In Scenario 2, the ANOVA method was applied to assess the statistical significance of the variance between feature groups. The F-scores for each feature were calculated and the threshold was determined based on the median F-score which was identified through a data-driven distribution analysis. This approach ensured a statistically robust selection of influential features as illustrated in Fig. 5. Features exceeding this threshold were included in the final dataset. Consequently, four features that are pMC, E, G, and D were determined for the training phase. The bar plot displaying the F-scores highlights the relative importance of each feature and reinforces the rationale behind their selection. The results from these two approaches highlight the complementary strengths of PC and ANOVA in identifying both linear and variance-driven relationships between features and the target variable. While Scenario 1 retained a broader set of predictors, potentially enabling the model to capture more nuanced relationships, Scenario 2 prioritised features with statistically significant contributions by reducing model complexity and computational load. This dual approach not only ensured robust feature selection but also provided insights into the relative importance of each predictor in driving EV charging demand.

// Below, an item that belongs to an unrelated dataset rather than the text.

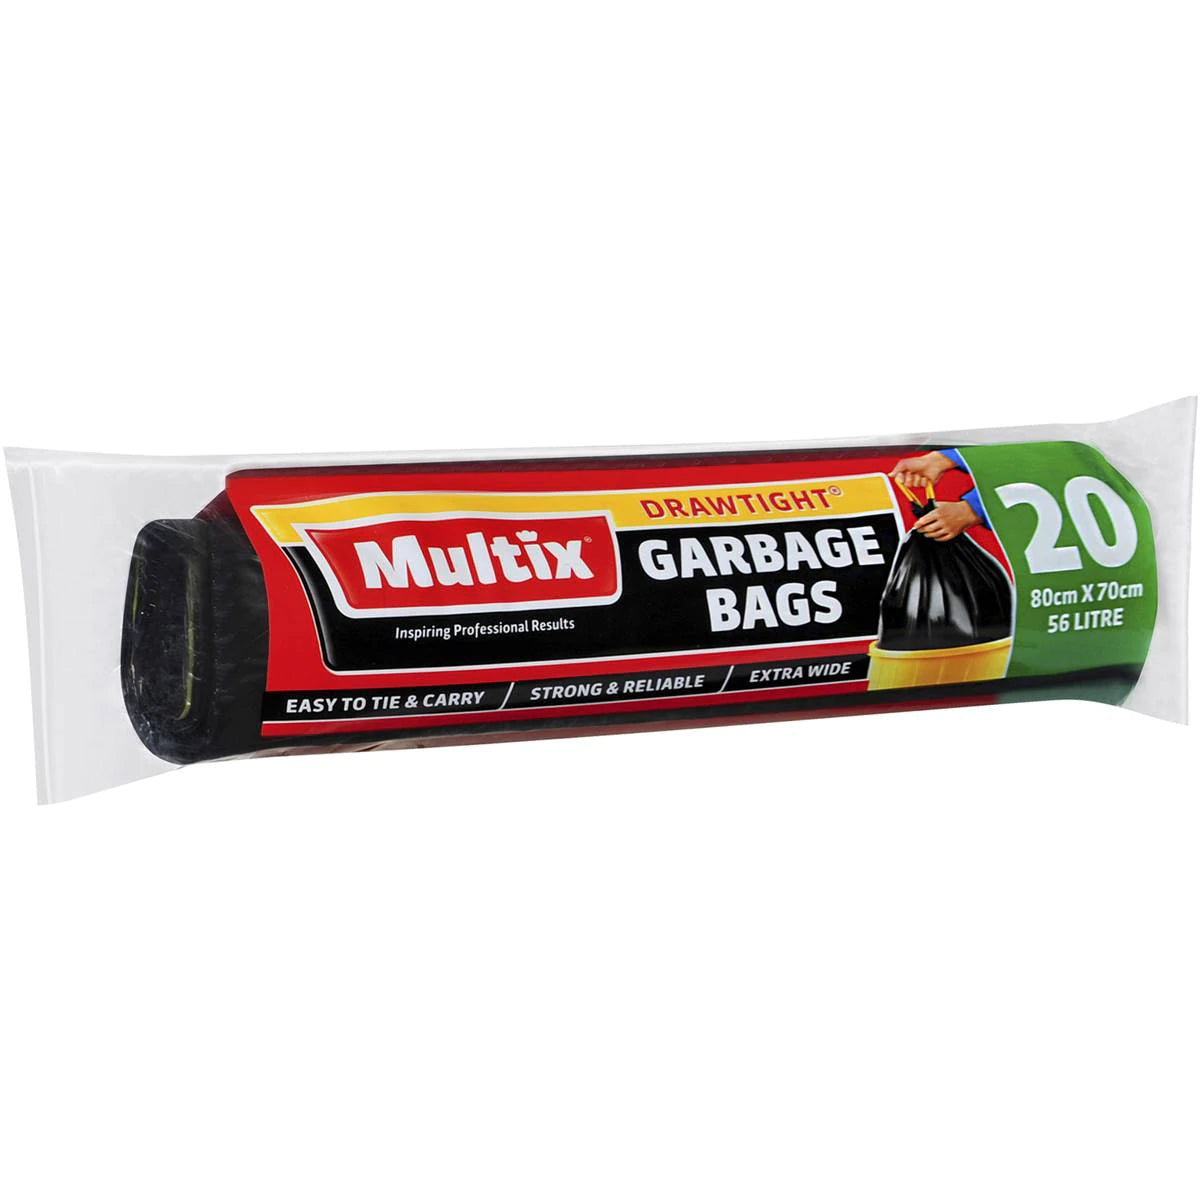 Multix Garbage Bags Drawtight 56L 20pk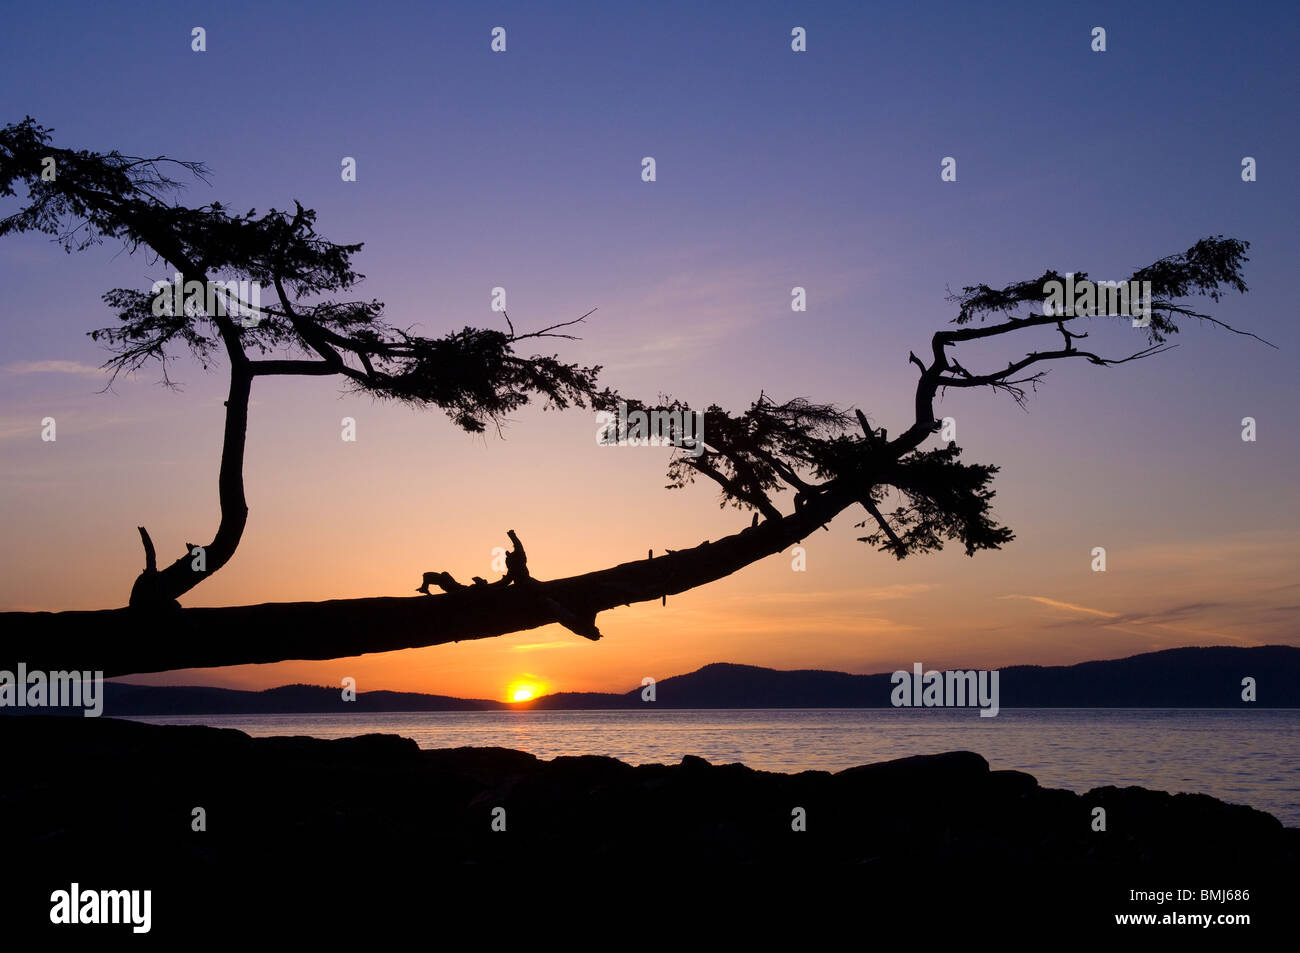 Sunset over the San Juan Islands and Rosario Strait with the leaning tree in Washington Park on Fidalgo Island, Washington. Stock Photo

3.3 Model training and hyperparameter optimisation

Prior to attaining predictions, the values contained in the input variables of the dataset are normalised by scaling them between 0 and 1 by using the Eq. 20. This normalisation process eliminates the units of the various data types, reduces computational time, requires less memory to store the data, and ensures that multiple data columns can be benchmarked in a consistent manner. In SARIMAX, LSTM networks, Bi-LSTM networks, GRU networks, Bi-GRU networks, CNNs, and XGBoost decision trees, the input matrix is nxm where n is the number of features and m is the length of the dataset. In SARIMAX, auto-ARIMA is used to obtain the values of model pdq and the model values are 2, 2, 1. All models used in this study were compiled with the L1 loss function to minimise prediction errors and optimised using Adam, a widely adaptive optimiser known for its efficiency and robustness in training neural networks. The hyperparameters of the ML models including the dropout rate, batch size, learning parameter, kernel size, number of neurons, number of layers, number of epochs, and maximum depth were determined through a comprehensive grid search optimisation process. This approach systematically explored various combinations of hyperparameters to identify the optimal configuration for each model. The selection process aimed to achieve the best performance metrics while balancing computational efficiency. The final set of hyperparameters reflects the configuration that yielded the most accurate and reliable predictions during the training and validation phases.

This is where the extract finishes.